Radio Vaticana, 17 dicembre 2009

Il Papa ai vescovi bielorussi: cattolici e ortodossi insieme per testimoniare il Vangelo in una società secolarizzata

◊   Di fronte alle sfide della società odierna, Benedetto XVI raccomanda alla Chiesa bielorussa una rinnovata testimonianza di unità, che potrà favorire i rapporti con l’autorità civile, le relazioni ecumeniche, il dialogo con altre culture e religioni. L’auspicio del Papa nel discorso stamane ai presuli bielorussi in visita ad limina, accompagnati da mons. Aleksander Kaskiewicz, presidente della Conferenza episcopale della Repubblica ex sovietica. Il servizio di Roberta Gisotti:
 
“Corresponsabilità, comunione, condivisione delle decisioni”. Benedetto XVI ha incoraggiato i presuli bielorussi ad avanzare in questo impegno, per “annunciare con rinnovato entusiasmo ed incisività il perenne Messaggio del Vangelo in una società – ha sottolineato - che non è immune dalle tentazioni della secolarizzazione, dell’edonismo e del relativismo”, di cui sono segno la denatalità, la fragilità delle famiglie, l’illusione di trovare fortuna al di fuori della propria terra.
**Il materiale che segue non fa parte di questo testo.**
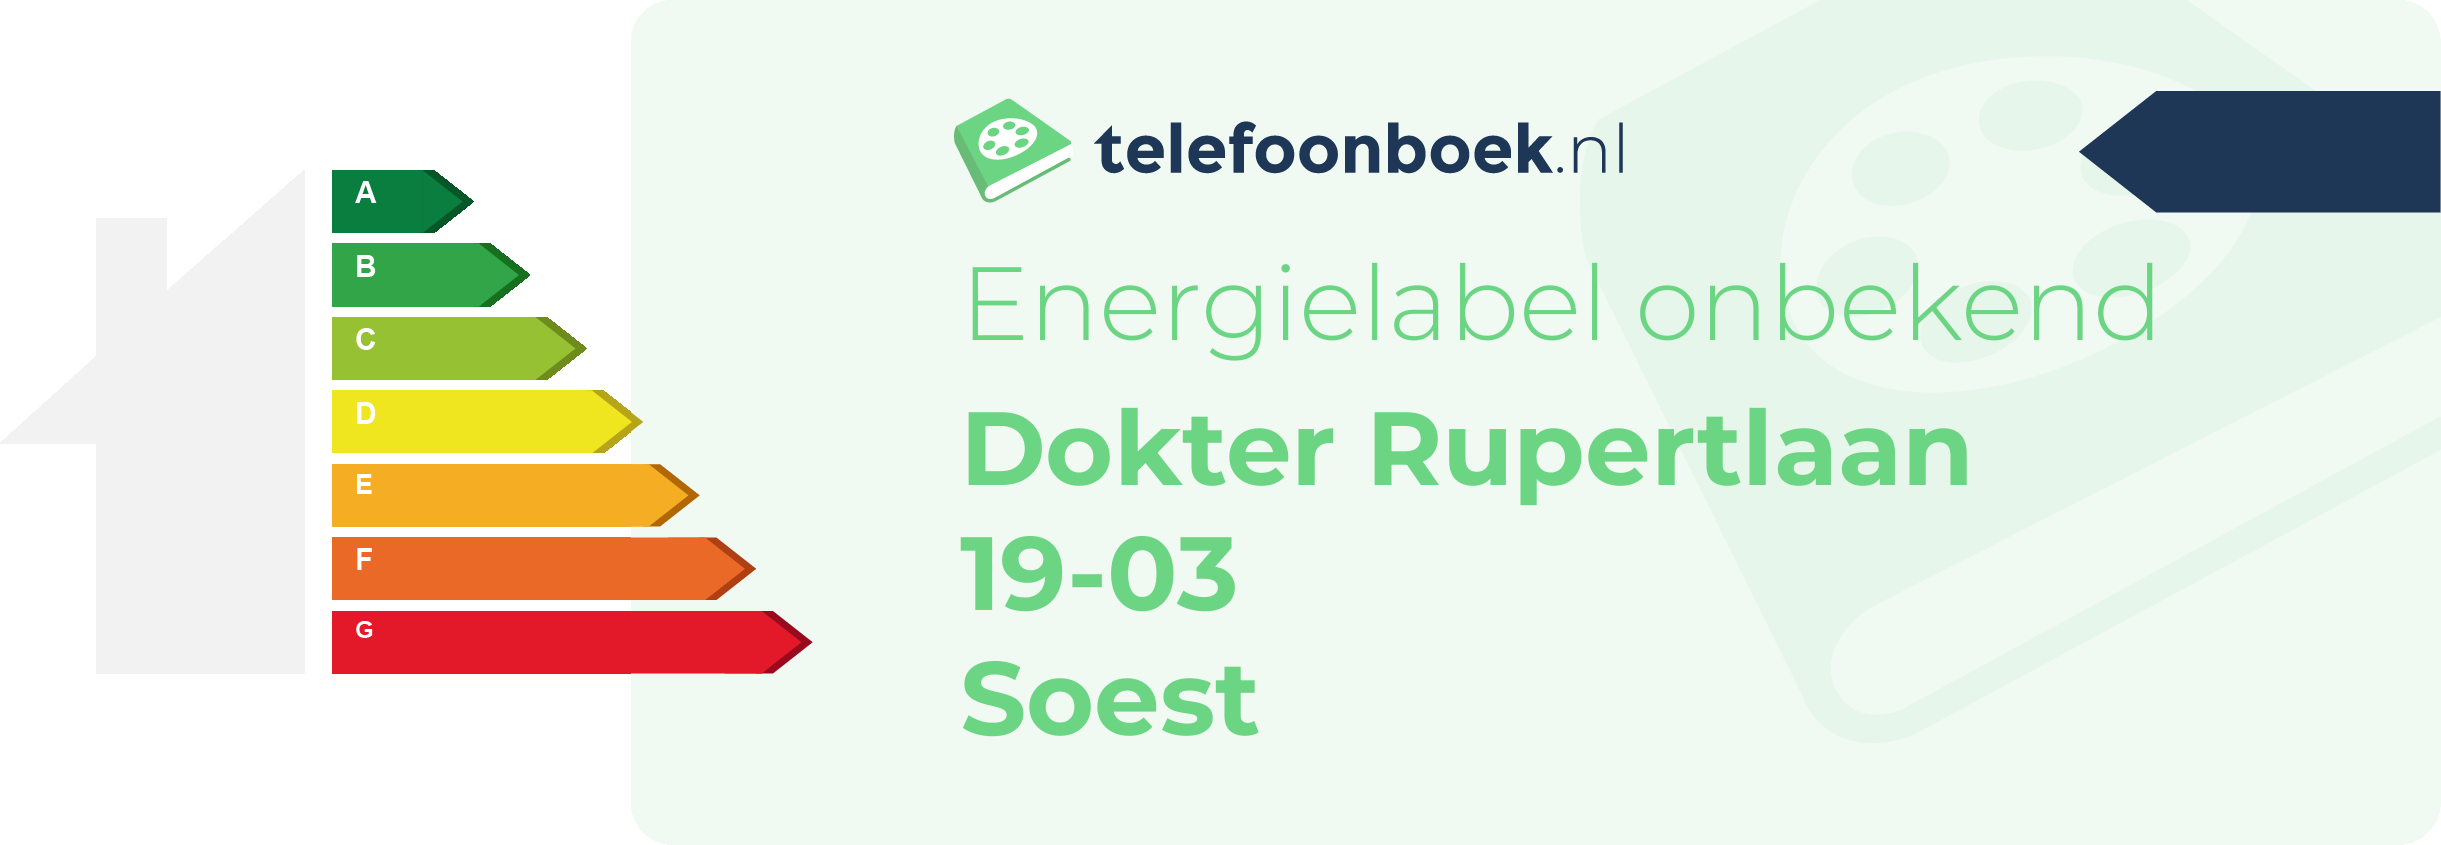 Energielabel Dokter Rupertlaan 19-03 Soest

Di fronte a tali sfide occorre da parte dei Pastori mostrare “la forza della fede”, “radicata in una solida tradizione”, preservando “la profonda identità cristiana della Nazione, nel dialogo rispettoso con le altre culture e religioni”, formulando con “grande cura” programmi e metodi pastorali “sempre più adeguati”, applicando “le decisioni della Conferenza episcopale”, così favorendo anche “il rapporto con l’Autorità civile e, particolarmente, le relazioni ecumeniche”.
 
Ha poi raccomandato il Papa “speciale attenzione” alla “dimensione educativa” dei giovani se oggi viviamo – ha ricordato – “in una sorta di ‘emergenza’” in questo settore. E così anche ha auspicato “una solida e rigorosa formazione spirituale e teologica” dei candidati al sacerdozio, guidati a “compiere una seria e profonda verifica della chiamata divina”.
 
Per questo ha chiesto il Santo Padre che nei seminari di Grodno e a Pinsk si continui ad offrire ai giovani candidati per il clero diocesano e per quello religioso un comune “itinerario formativo completo e qualificato”, “risultato di intensa collaborazione tra il vescovo e i rispettivi superiori religiosi”.
 
Benedetto XVI ha quindi auspicato “gesti concreti” di fraternità per affermare la pace, in particolare richiamando “la fraterna collaborazione con la Chiesa ortodossa di Bielorussia”, i cui pastori condividono “la ricerca e l’impegno per il bene dei fedeli”.
 
Riguardo infine i rapporti Chiesa-Stato, il Papa ha richiamato “la volontà delle parti di stipulare un Accordo”, in via di elaborazione, così come ribadito nel recente incontro in Vaticano con il presidente della Repubblica bielorussa, oltre “l’impegno di fattiva collaborazione su materie di comune interesse, al fine di promuovere, nel rispetto delle competenze di ciascun ambito, il bene dei cittadini".

DISCORSO DEL PAPA

Signor Cardinale,

Venerati Fratelli,

sono lieto di porgere a ciascuno di voi il mio cordiale benvenuto nella casa del Successore di Pietro, cui Cristo ha affidato il compito di pascere il suo gregge (cfr Gv 21,15-19), confermare i fratelli nella fede (cfr Lc 22,31), custodire e promuovere l’unità ecclesiale (cfr Lumen gentium, 22). Ringrazio Mons. Aleksander Kaskiewicz per le parole, con cui ha voluto presentare il cammino della Chiesa in Bielorussia, evidenziando anche le sfide che la attendono.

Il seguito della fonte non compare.